A summary of Applying SVMs to Face Detection by Edgar Osuna

Nicholas M. Synovic

10-24-2022 - 5 minutes read - 1004 words

A summary of Applying SVMs to Face Detection

Edgar Isuna; DOI

For the summary of the paper, go to the Summary section of this article.

A summary of Applying SVMs to Face Detection

First Pass

Discussion about the title, abstract, introduction, section and sub-section headings, and conclusion

The essay Applying SVMs to Face Detection by Edgar Osuna (as part of the larger Support vector machine collection of essays in the July/ August edition of the 1998 IEEE Intelligent Systems magazine) [1] describes the usage of Support Vector Machines (SVMs) to identify faces in static images and real time systems. The work goes into detail about previous systems that attempted this task, as well as a real time system that can classify images at 4 to 5 frames per second.

Context

What other types of papers is the work related to?

This essay is most similar to papers that discuss systems that implement face detection.

Contributions

What are the author’s main contributions?

The author’s main contributions are a system that utilizes SVMs for real time facial detection.

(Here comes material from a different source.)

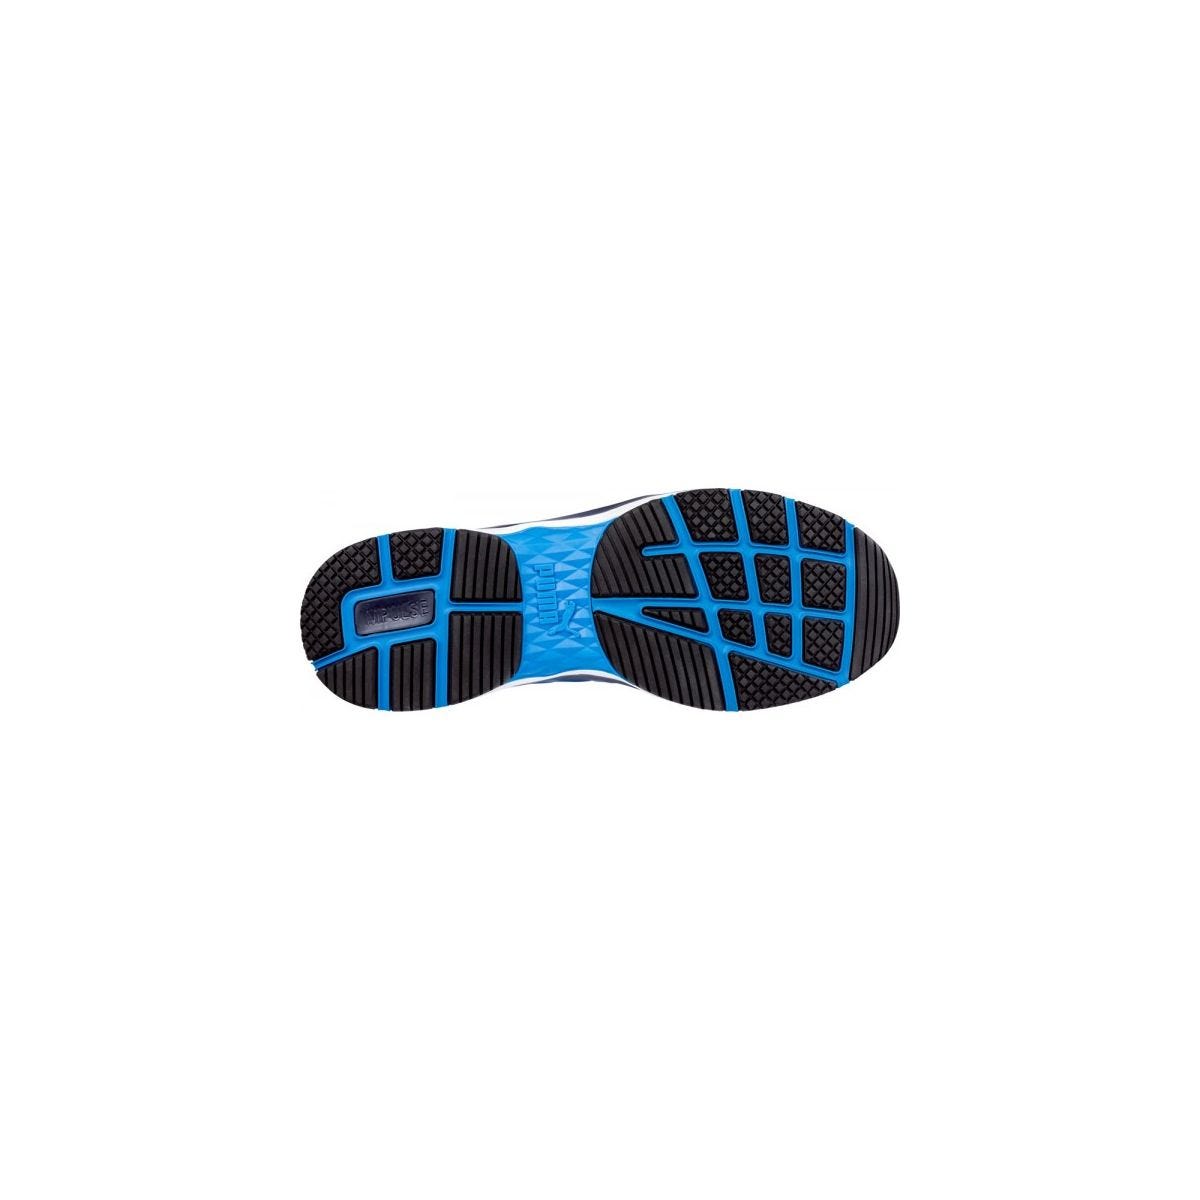 Chaussures de sécurité Velocity 2.0 Bleu Low S1P - Puma - Taille 42 4

Additionally, their contributions include a discuss of previous systems that attempted this task.

Second Pass

Background Work

What has been done prior to this paper?

Quote from the Previous systems section of the paper:

“Researchers have approached the face-detection problem with different techniques in the last few years, including neural networks [2] [3], detection of face features and use of geometrical constraints [4], density estimation of the training data [5], labeled graphs [6], and clustering and distribution-based modeling [7] [8].”

Motivation

Why should we care about this paper?

We should care about this essay as it proposes an SVM based solution for both static image and real time face detection.

Figures, Diagrams, Illustrations, and Graphs

Are the axes properly labeled? Are results shown with error bars, so that conclusions are statistically significant?

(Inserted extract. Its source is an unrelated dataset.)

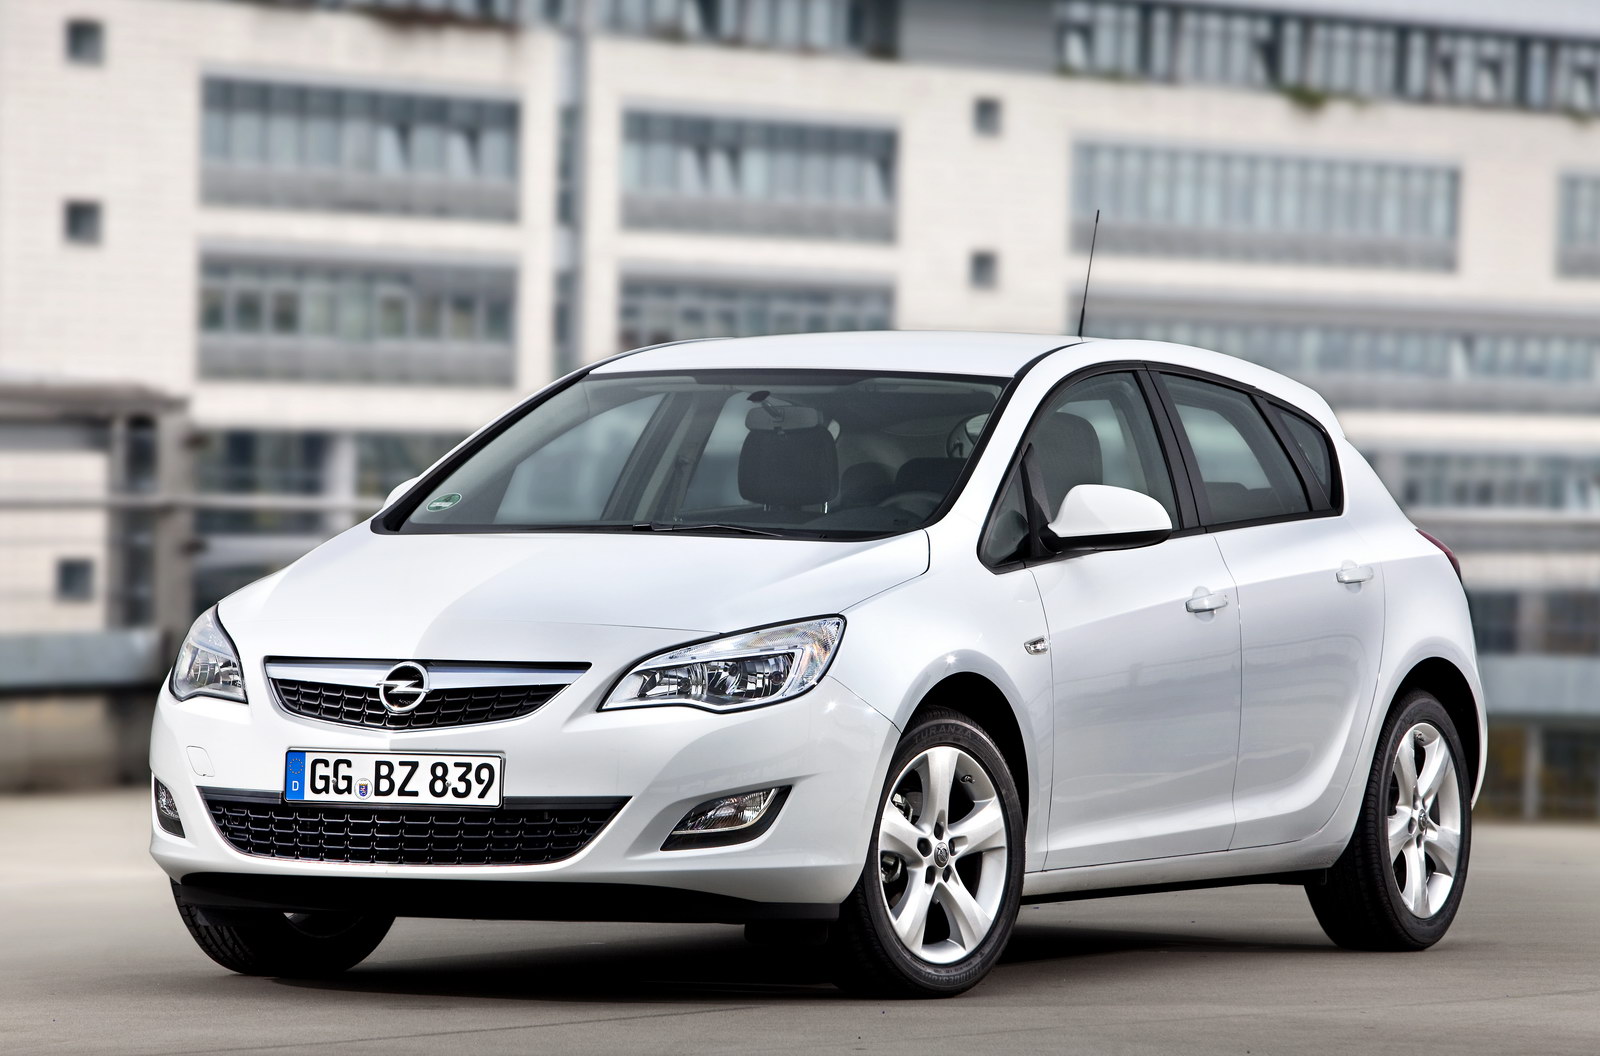  Yeni Opel Astra (Teknik Detaylar, Donanım Özellikleri ve Hakkında Herşey..)

The figures are clear and explained well through their captions. However, Table 2 uses a metric called “False Alarms” to measure the number of times the system reported a “face” that wasn’t a face. A more appropriate metric, such as recall, would have been appropriate in this case.

Clarity

Is the paper well written?

The paper is well written, however, it can be improved upon. The biggest complaint that I have is the usage of bullet points to describe tasks/ steps that were taken to complete a task. Additionally, many bullet points contained more than one sentence. I find it to be more appropriate for papers to utilize bullet points for short, unordered lists. Most appropriately used when listing off different techniques or definitions, which this essay does utilize. Aside from that, the individual steps are written well and clearly, and seem to be fairly reproducible.

Relevant Work

Mark relevant work for review

The following relevant work can be found in the Citations section of this article.

Detection and localization of faces on digital images [2]
Human Face Detection in Visual Scenes [3]
Human face detection in a complex background [4]
Probabilistic visual learning for object detection [5]
Determination of face position and pose with a learned representation based on labeled graphs [6]
Learning and Example Selection for Object and Pattern Detection [7]
Example-based learning for view-based human face detection [8]

Author Assumptions

What assumptions does the author(s) make? Are they justified assumptions?

The authors trained their system to identify vertically oriented, gray-scale images of faces for their static image face detector. They make no mention as to whether this detector is capable of identifying faces in off axis positions, or if their system is capable enough to orient faces properly.

Correctness

Do the assumptions seem valid?

Without understanding the availability of data sets at the time, this seems like a valid assumption to make. However, simple data augmentation (such as rotating the image) could’ve been done to increase the number of training examples of faces not in the vertical orientation.

Future Directions

My own proposed future directions for the work

A re-implementation of their work, both on static images and real time image capture, would be interesting to perform on devices such as cameras, Raspberry Pis, or other low powered systems. Additionally, comparing the power draw between an SVM based solution and one that is powered by DL would be interesting as well.

Summary

A summary of the paper

The essay Applying SVMS to Face Detection by Edgar Osuna (as part of the larger Support vector machine collection of essays in the July/ August edition of the 1998 IEEE Intelligent Systems magazine) [1] describes the usage of Support Vector Machines (SVMs) to identify faces in static images and real time systems. The author goes into detail about existing systems that were powered by non-SVM techniques, as well as presenting their own system (for both static image and real time image capture) for face detection.

Their static image system only works on gray scale images of vertically aligned faces. Additionally, they used a small data set to train the SVM. In doing so, they limit the usage of the static image system to that specific domain, as well as potentially creating a system that is unable to detect a face in all potential cases (such as different ethnicity, lighting conditions, face orientations, etc.).

Their real time image capture system works on full color images of vertically aligned faces by using a combination of a skin detector and a “primitive” motion detector. This system was capable of recognizing faces at 4 to 5 frames per second.

Summarization Technique

This paper was summarized using a modified technique proposed by S. Keshav in his work How to Read a Paper [0].